Post-fordist protest

Posted on March 6, 2011


University professors march on Tahrir Square | Hossam el-Hamalawy


What do academics do, when they go on strike?” our professor asked during one of the many discussions last autumn, only to give the answer immediately “They use the additional time to work on their research”. His question was intended to encourage a more self- conscious perspective on the protests. It presupposed a fundamental difference between industrial and academic work and questioned the appropriateness of the latter’s protest forms in the former context. In hindsight I wonder if the statement does not pose a more general question: Is there something like a post-fordist articulation of protest, how does it look, and what would it mean for our most recent protests?

After Millbank a multitude of initiatives turned towards the “student” issue sprang up anew. Protest forms proliferated, putting the lessons learned by critical theory to practical use. These creative protests supplemented the more traditional modes of demonstrations and university occupations, often transforming them. The use of social networking to organise and disseminate rapidly led to the formation of new groups. Articles appeared in academic journals and lifestyle magazines, written by the same people either blogging and/ or protesting. In January, The Paper was published, the first newpaper dealing exclusively with the student protests. An increasing number of research projects are being conceived, incestuously based on contacts acquired throughout the protests. These projects often incorporate the alternative methods they attempt to analyse. Lectures, conferences, teach-ins, etc. are taking place daily, attended by people organising more lectures, workshops, etc, sometimes financed by art councils, public funds and universities themselves.

It is this short circuit that I want to call a post-fordist mode of protesting. Are we creating a self-perpetuating circulation of information, affiliations and people? And is the suspicion that by feeding back into academia this circulation also entails another way of accumulating social and cultural capital not warranted, despite ‘all the best intentions’? Flexibility, mobility, creativity, networking, personal engagement, self- organisation and a familiarity with new media are some of the key ingredients to the rapid success of our protests.

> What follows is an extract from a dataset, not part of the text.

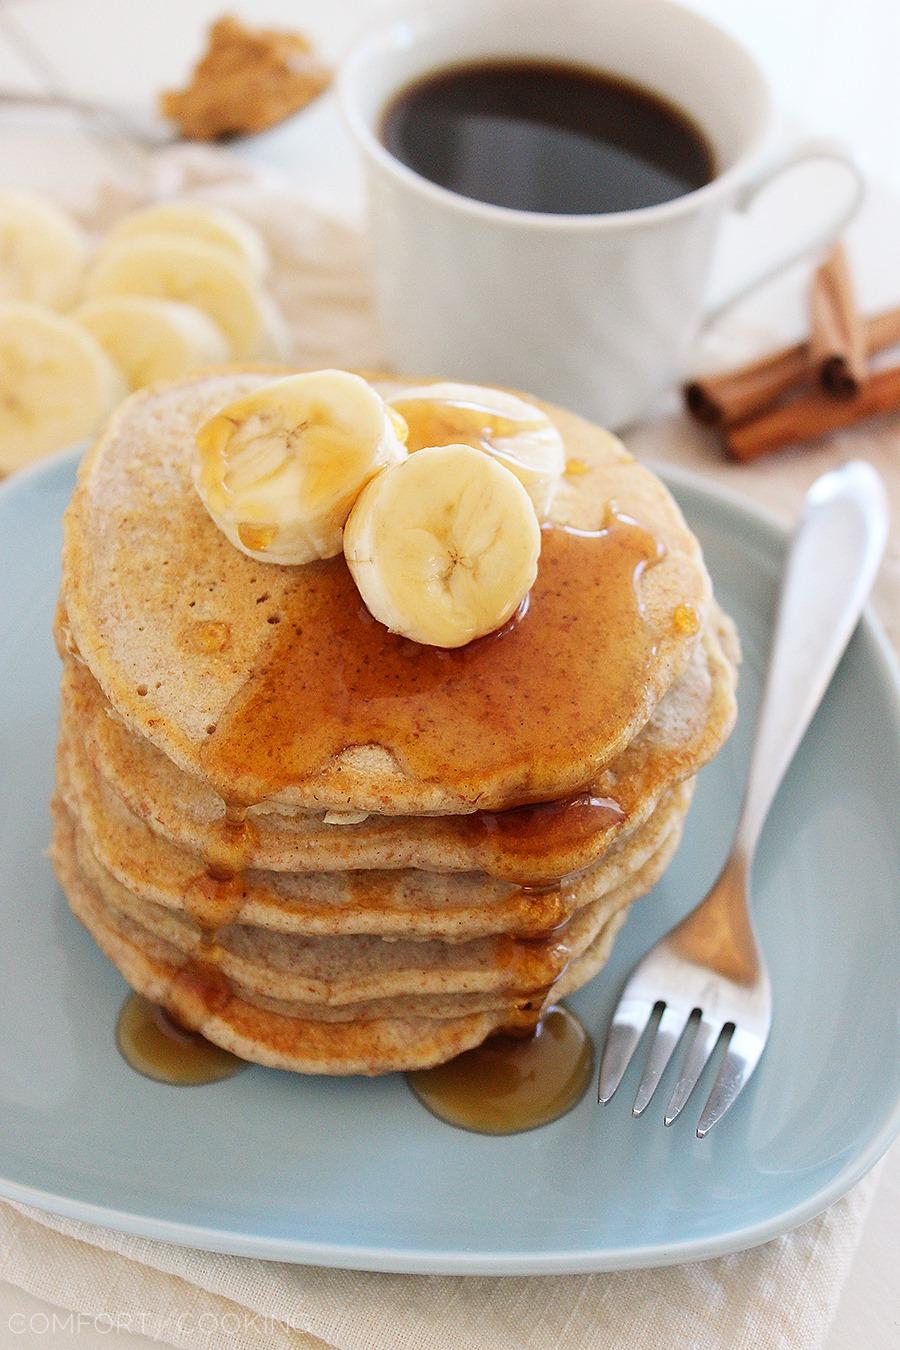 Whole Wheat Peanut Butter-Banana Pancakes

But they are also the mantra of neo-liberalism’s reorganisation of higher education. What if it is this similiarity that eventually allows for the integration and neutralisation of our protests?

By adopting a post-fordist organisation for our protests, many of its negative consequences are inevitable: By mid- December exhaustion was visible at every occupation. Not to be dismissed as an unfortunate side effect, self-exploitation to the point of breakdown is inherent to post-fordism. Precarious self-employment abolishes the benefits of the division of labour. Networking, on the other hand, has yet to provide an adequate alternative, because it does not challenge the central position of the competing individual. Study, work, engage, create, disseminate, apply, move, meet, talk, write; see connections where they exist, build them, if they are missing; do something special, do more, repeat in random order.

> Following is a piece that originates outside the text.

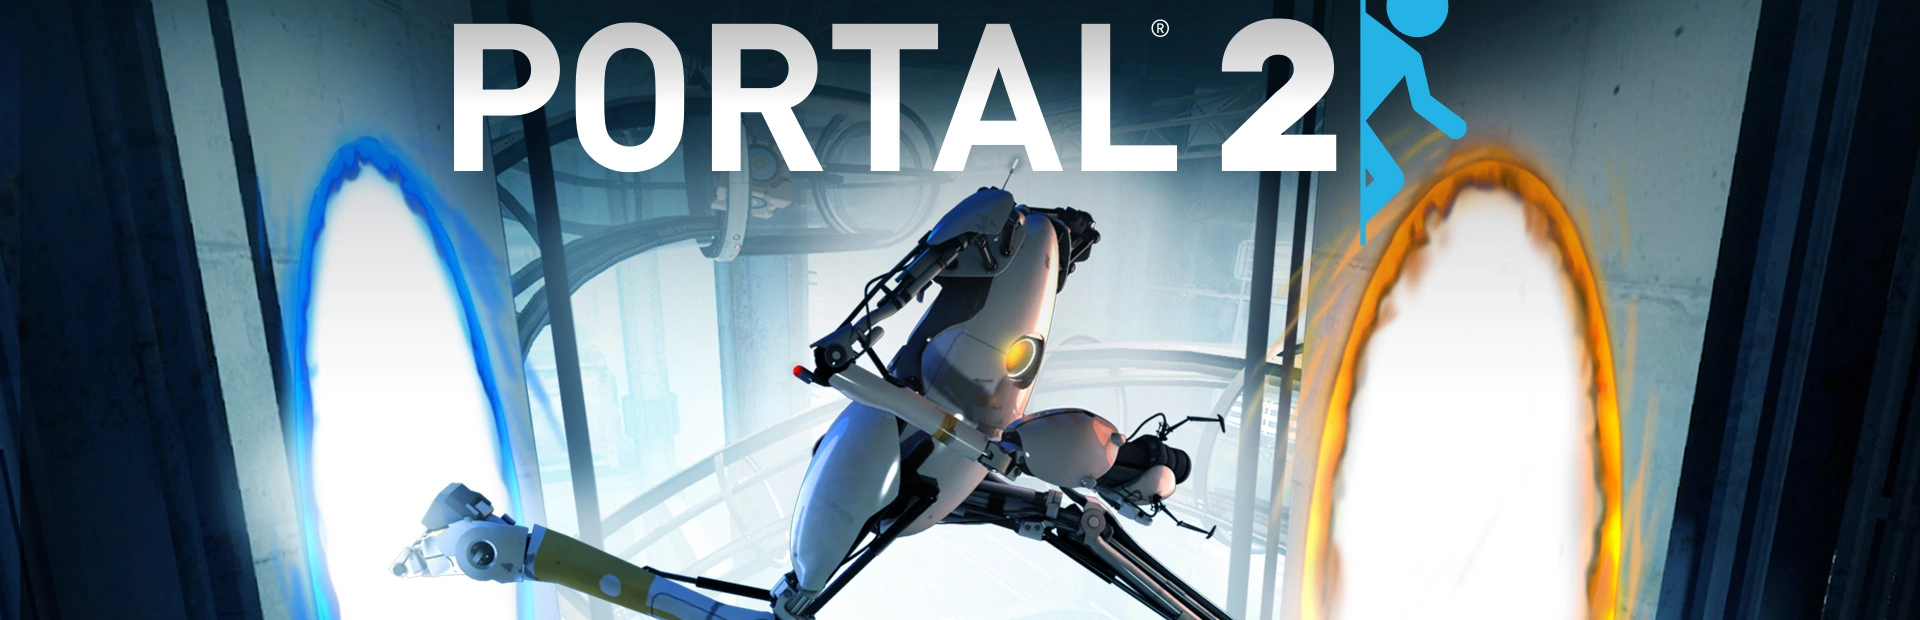 portal.2.banner4

Our protests replicate this modus operandi. Having eliminated enough, somehow average seems to be the default. This discontent introduces a variation of alienation. The products of our protests are constitutively deficient, without us being allowed to articulate this deficiency. To see people trying to keep spirits up after the parliamentary vote had passed was somewhat dismaying. Michel Foucault’s liberating “do not think that one has to be sad in order to be militant” had transformed into a cruel imperative for optimism.

That the goal of non-hierarchical self- organisation is not only very demanding but can also result in its opposite is palpable in many accounts of university occupations. There are no official leaders, but nonetheless many de facto leaders emerge. Set up as additional structures, these self-organised cells often fail to challenge the institutional framework they accrue from. Establishing continuous commitments is difficult, because mobility is deeply ingrained into the designated trajectory of contemporary academia even within one institution. Because of the multiple locations and modes of our engagement, recourse to resentment and a fetishisation of spontaneity is common. In a way, it provides the glue for our initiatives and actions. But if we turn the problematic around we might ask what ad-hoc allegiances, important as they are, prevent from entering into the discussion? What is still missing, it seems, is a widespread cross-social and internationalist analysis. Given our political differences, this analysis will necessarily diverge. But only if these accounts are articulated and contest each other, can appropriate forms of protest and resistance develop.

If the recent student protests mark the abolition of the education-deal in the ‘developed nations’, they bear the potential of a political questioning far more radical then the student revolts of ‘68. After all “precarious workers of art, education and the creative industies have nothing to lose but their feedback questionnaires”. It is the generalisation of the condition of precariousness facilitated by post-fordism that engenders the chance for a wider struggle to emerge. It could provide a foundation to a political project. However, it also presents a challenge. Precariousness does not equal precariousness. As students, academics or workers in the creative industries we are in a privileged position and have therefore still a lot of privileges to lose, even if it is sometimes only a slightly more impressive CV. Complicity is not accidental: specific modes of production allow for and facilitate the transformation of protest participation into cultural capital. In doing so a gap appears that separates those who can put their participation in protests to work, from other forms of precarious labour that is not easily bridged.